RECORDED INFORMATION »
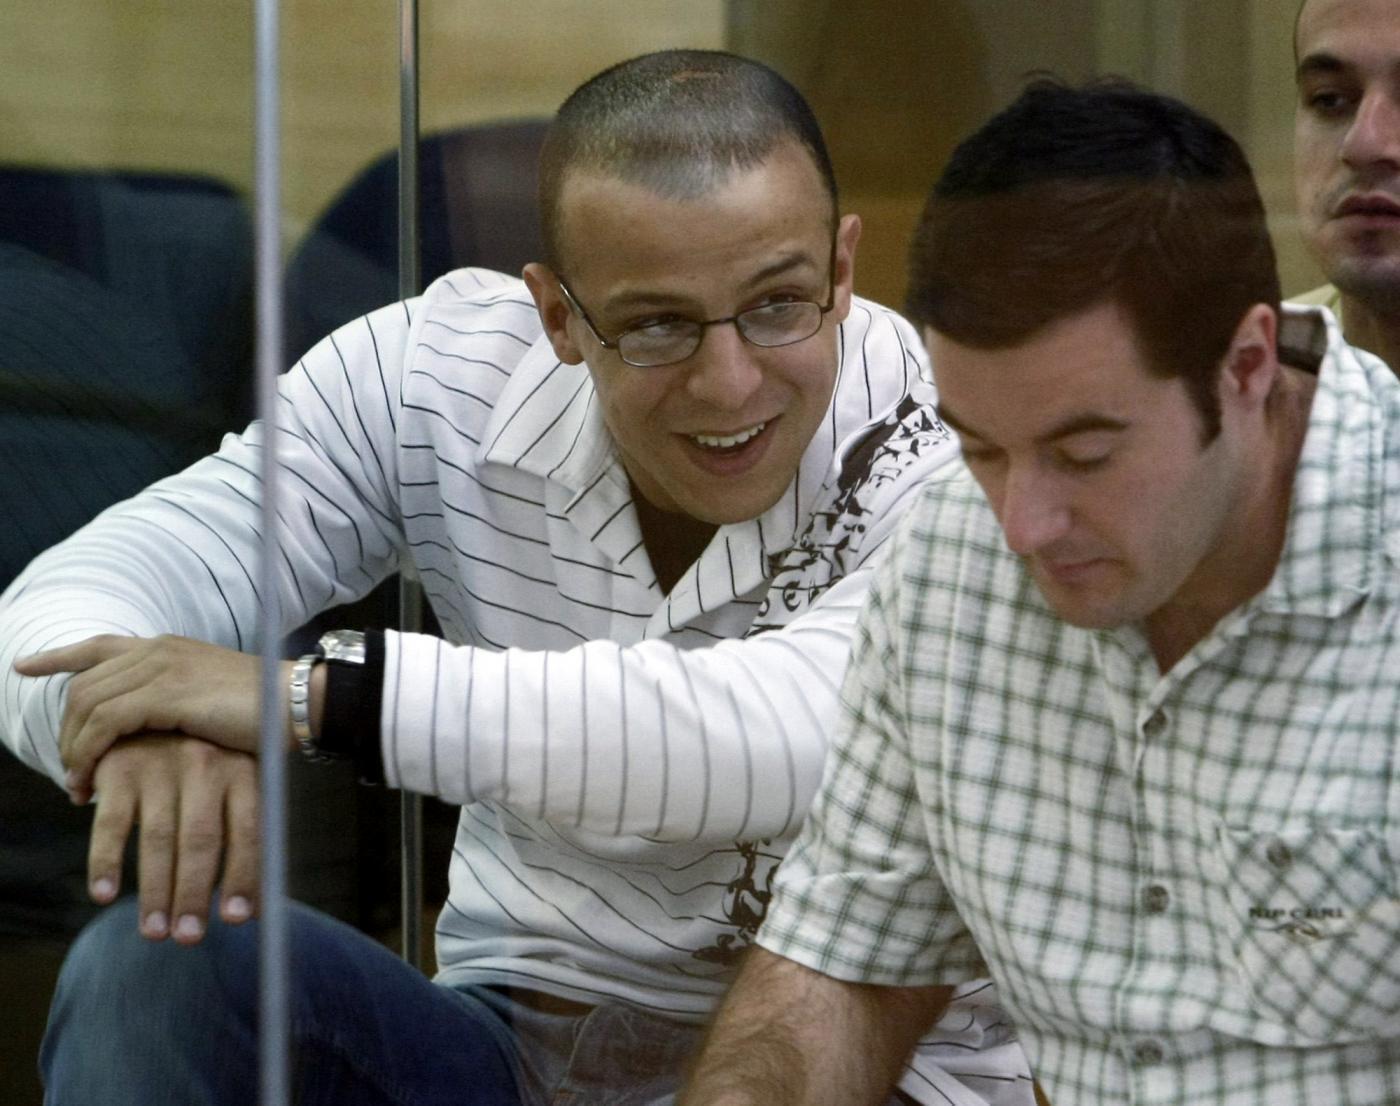 Rafa Zouhier al processo per la strage alla stazione di Atocha (11 marzo 2004) - foto LaPresse
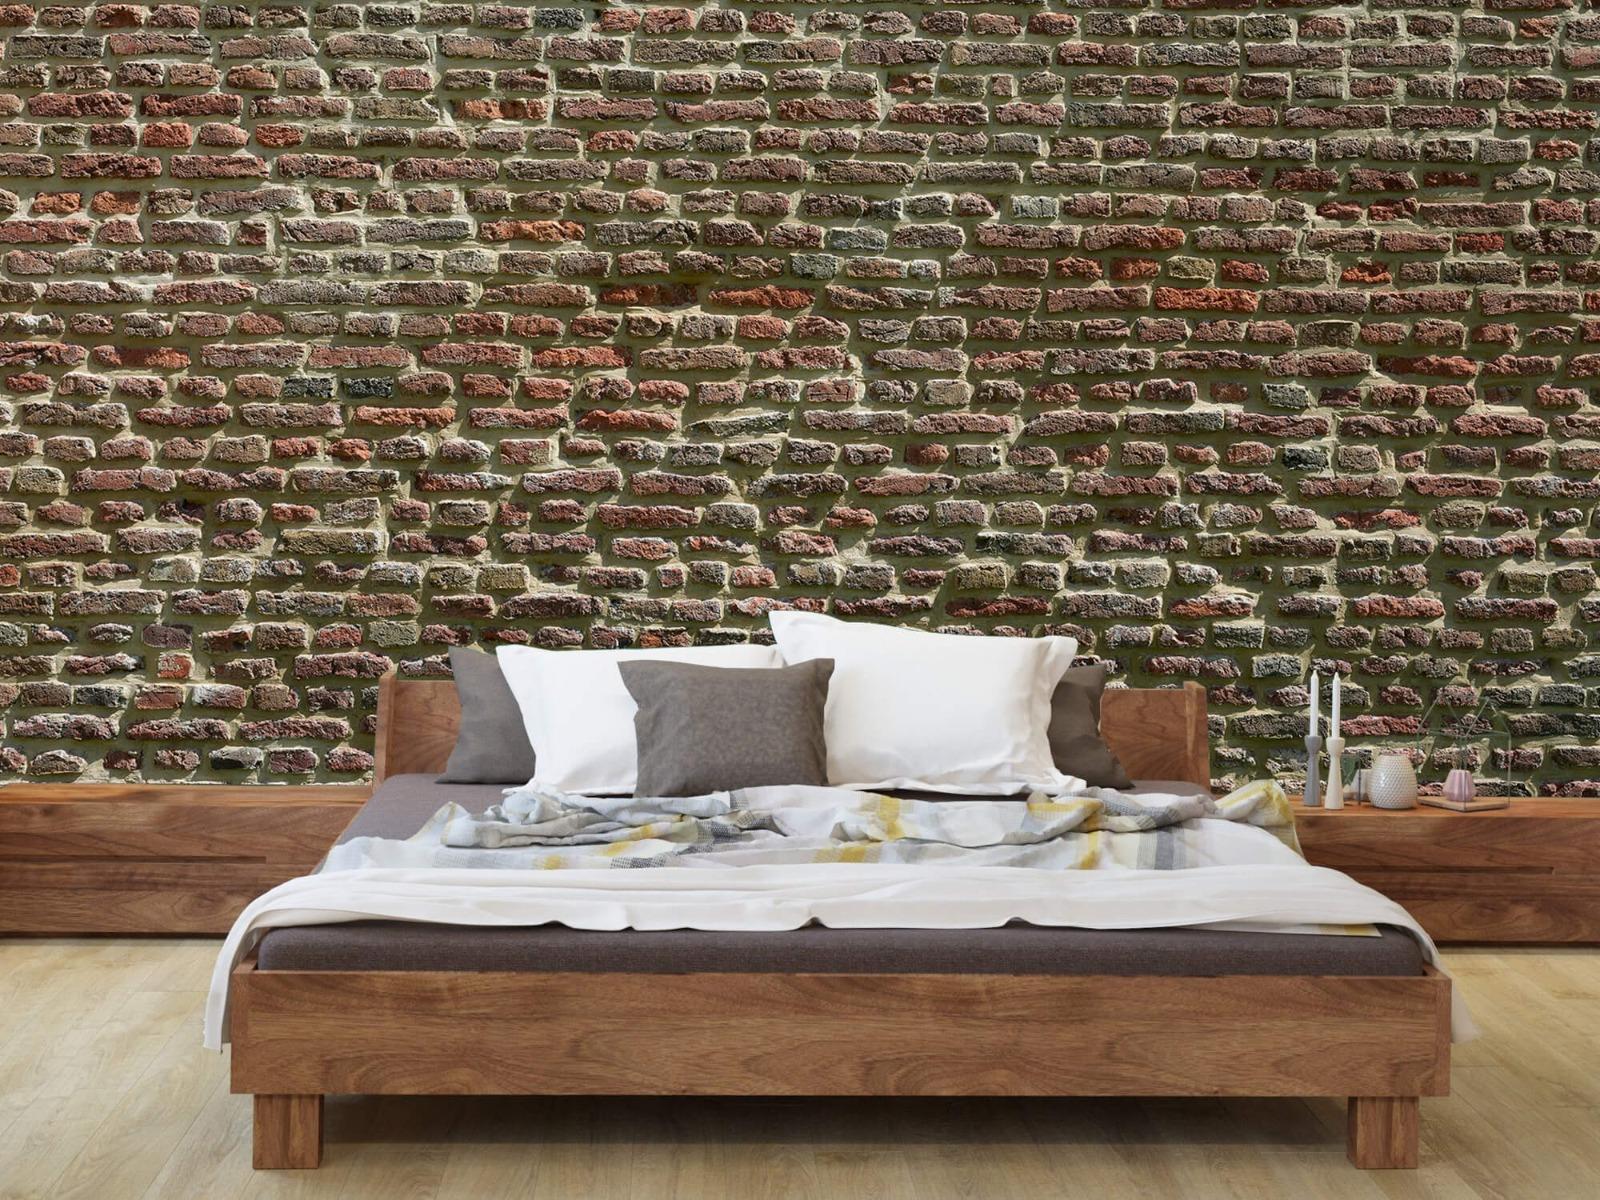 Stenen - Muur van oude bakstenen 10
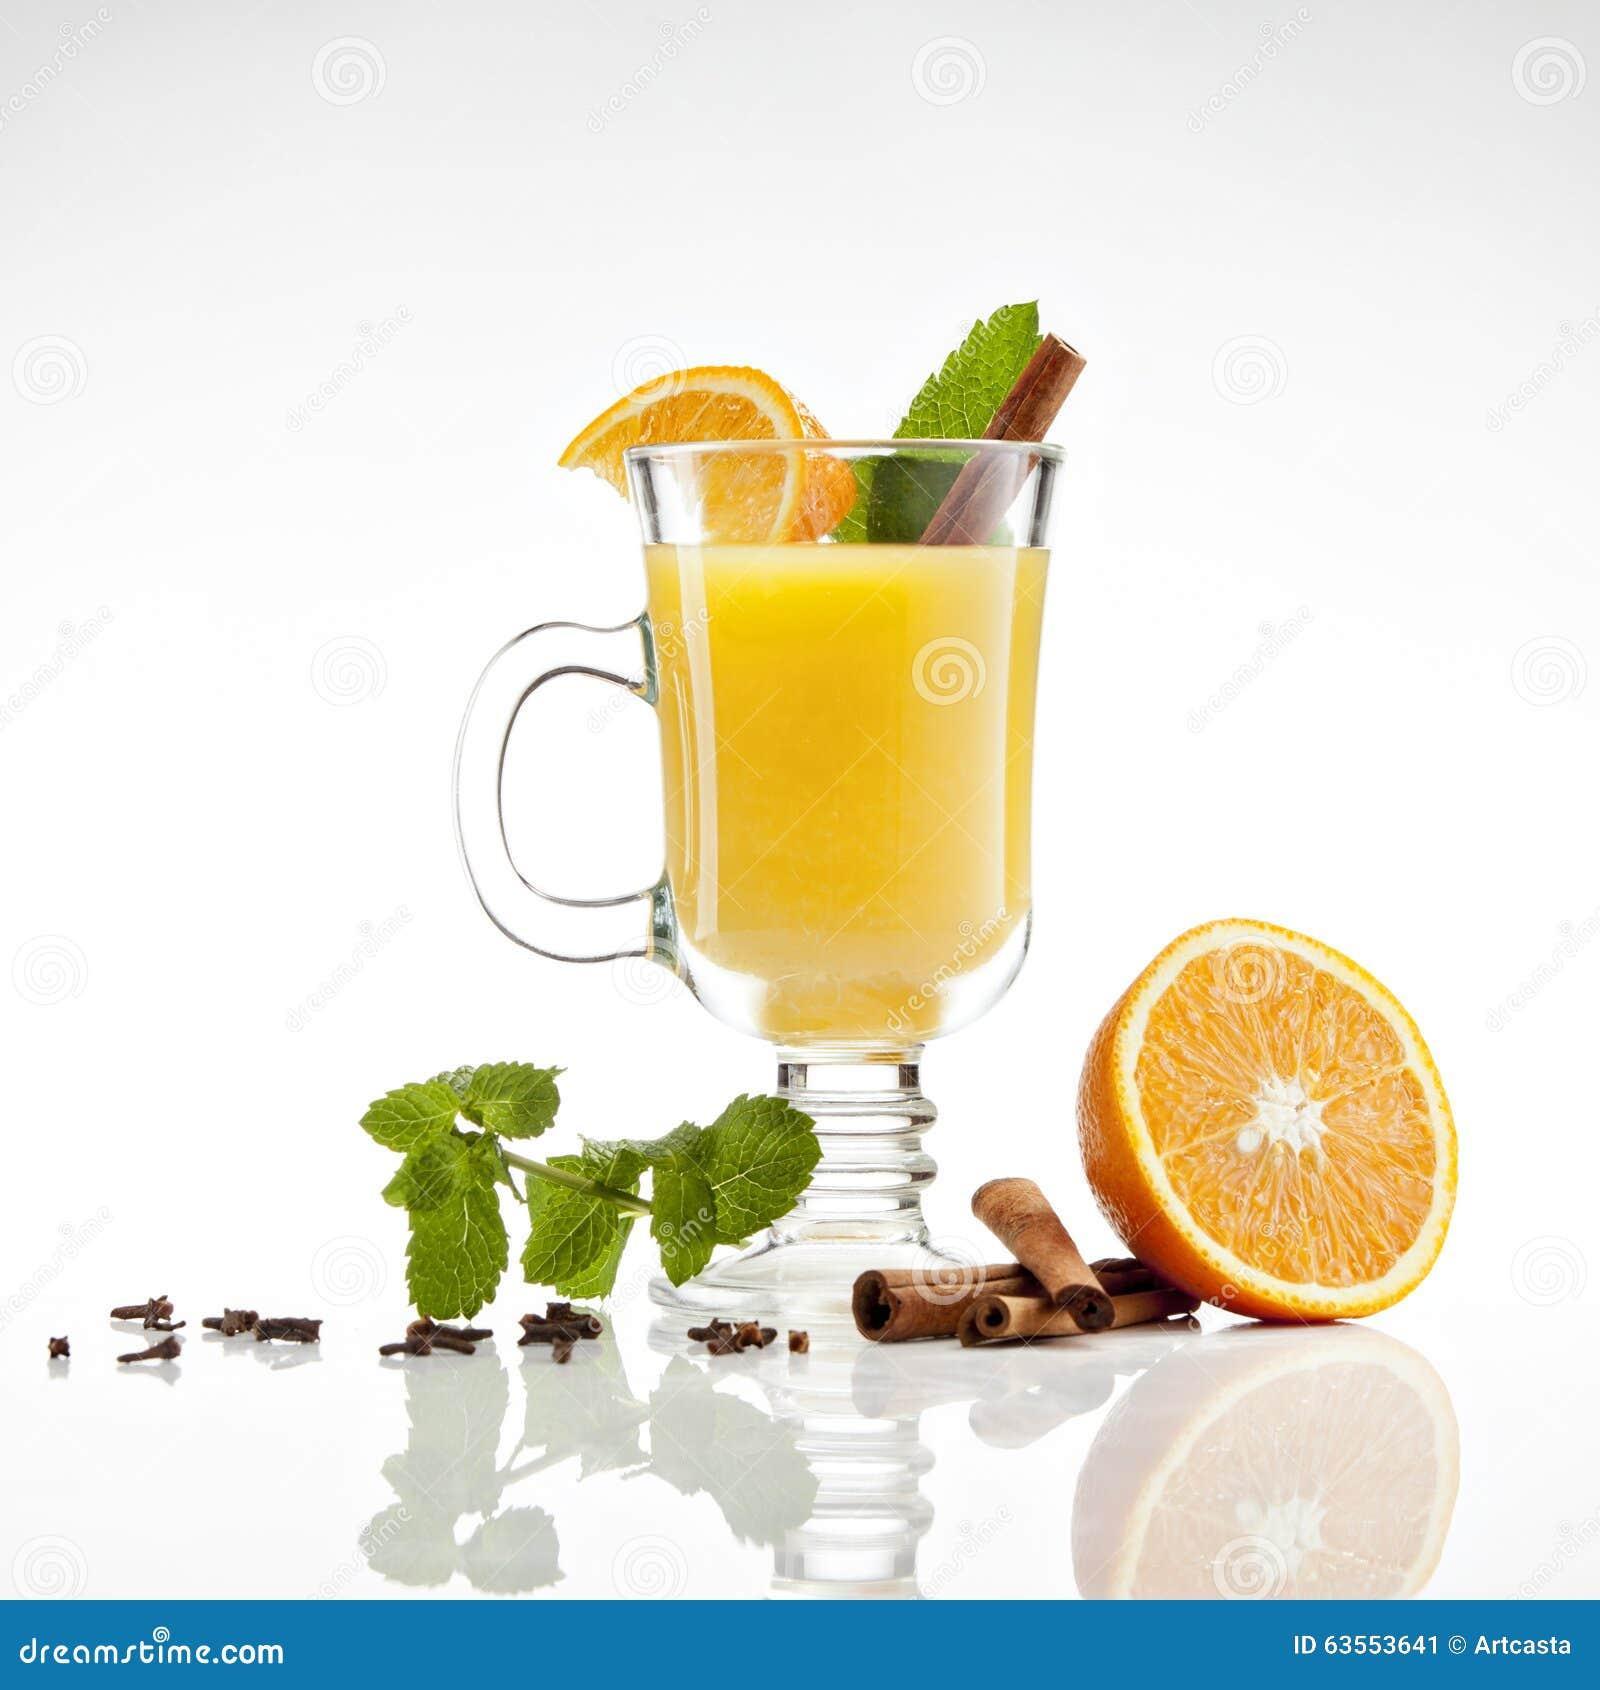 Hot orange tea

WORK REQUEST » Would you copy all the material exactly, dropping the pictures?

ANSWER BELOW »
 Rafa Zouhier al processo per la strage alla stazione di Atocha (11 marzo 2004) - foto LaPresse
 Stenen - Muur van oude bakstenen 10
 Hot orange tea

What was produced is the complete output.